干血流：贝伐珠单抗对室管膜下区胶质母细胞瘤患者生存的有利影响。

目的：血管生成是胶质母细胞瘤（GBM）肿瘤发生的关键步骤。贝伐单抗是一种抗血管内皮生长因子药物，已被批准用于 GBM 的二线治疗。胶质瘤干细胞可能是 GBM 的起源细胞，在血管生成中发挥着积极作用。脑室下区（SVZ）是大脑最大的神经干细胞库，该区域附近的GBM（SVZ GBM）预后较差。本研究旨在评估贝伐单抗二线治疗对SVZ GBM患者生存期的潜在影响：方法：对2011年1月1日至2021年12月12日期间接受治疗的新确诊SVZ GDM成人患者的电子病历进行回顾性研究。比较了首次复发后接受贝伐单抗治疗的患者与未接受此类治疗的患者的临床、手术、放射学和结果参数：结果：组群包括 67 名患者。45人（67.1%）在首次复发后接受了贝伐单抗治疗，22人（32.9%）未接受治疗。各组间唯一有统计学意义的差异是再次手术率，未使用贝伐单抗组的再次手术率更高（40.9% 对 15.6%；P = 0.023），这表明各组的治疗效果相当一致。总的来说，贝伐单抗作为二线治疗并不影响SVZ GBM病例的OS。然而，贝伐珠单抗可明显延长首次复发后的生存时间，平均延长时间超过4个月，包括调整再次手术变量后（HR = 0.57，95%CI = 0.34-0.94，P = 0.028 和 HR = 0.57，95%CI = 0.34-0.97，PV = 0.038；分别为0.57和0.97）。此外，如果调整从诊断到首次复发的时间，贝伐单抗治疗也与OS延长相关（HR = 0.58；P = 0.043）。在一项亚组分析中，将同时接受再次手术和贝伐单抗治疗的患者与接受任何其他治疗的患者进行比较，结果显示，在整个队列中，接受联合治疗的患者平均OS最长（22.16 ± 7.81 m vs. 13.60 ± 6.86，p = 0.049；HR = 0.361 95%CI 0.108-1.209，p = 0.085）：结论：贝伐单抗作为二线疗法用于SVZ GBM病例，即使作为单药治疗，也可能对复发后的存活率产生积极影响。此外，在某些尚未确定的亚群中，贝伐单抗甚至可以延长总生存期。要准确确定哪些 SVZ GBM 患者最受益于抗血管生成疗法，还需要进一步的研究。

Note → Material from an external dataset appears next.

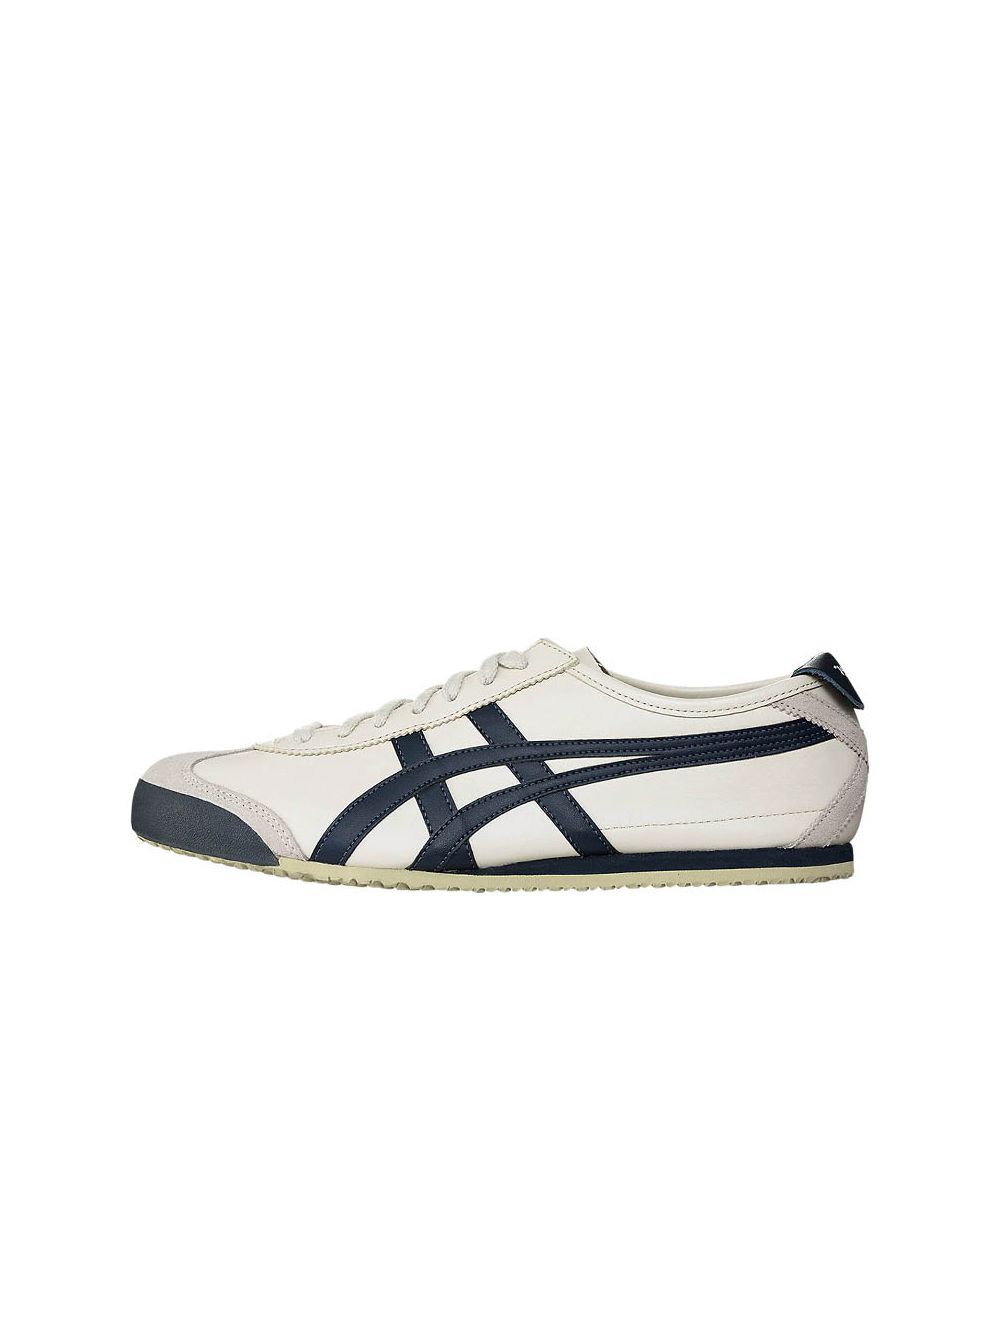 Buy Onitsuka Tiger Mexico 66 Youth Birch India Ink Latte | Studio 88

本文章由计算机程序翻译，如有差异，请以英文原文为准。

求助全文

约1分钟内获得全文求助全文

来源期刊

Journal of Neuro-Oncology 医学-临床神经学

CiteScore

6.60

自引率

7.70%

发文量

277

审稿时长

3.3 months

期刊介绍： The Journal of Neuro-Oncology is a multi-disciplinary journal encompassing basic, applied, and clinical investigations in all research areas as they relate to cancer and the central nervous system. It provides a single forum for communication among neurologists, neurosurgeons, radiotherapists, medical oncologists, neuropathologists, neurodiagnosticians, and laboratory-based oncologists conducting relevant research. The Journal of Neuro-Oncology does not seek to isolate the field, but rather to focus the efforts of many disciplines in one publication through a format which pulls together these diverse interests. More than any other field of oncology, cancer of the central nervous system requires multi-disciplinary approaches. To alleviate having to scan dozens of journals of cell biology, pathology, laboratory and clinical endeavours, JNO is a periodical in which current, high-quality, relevant research in all aspects of neuro-oncology may be found.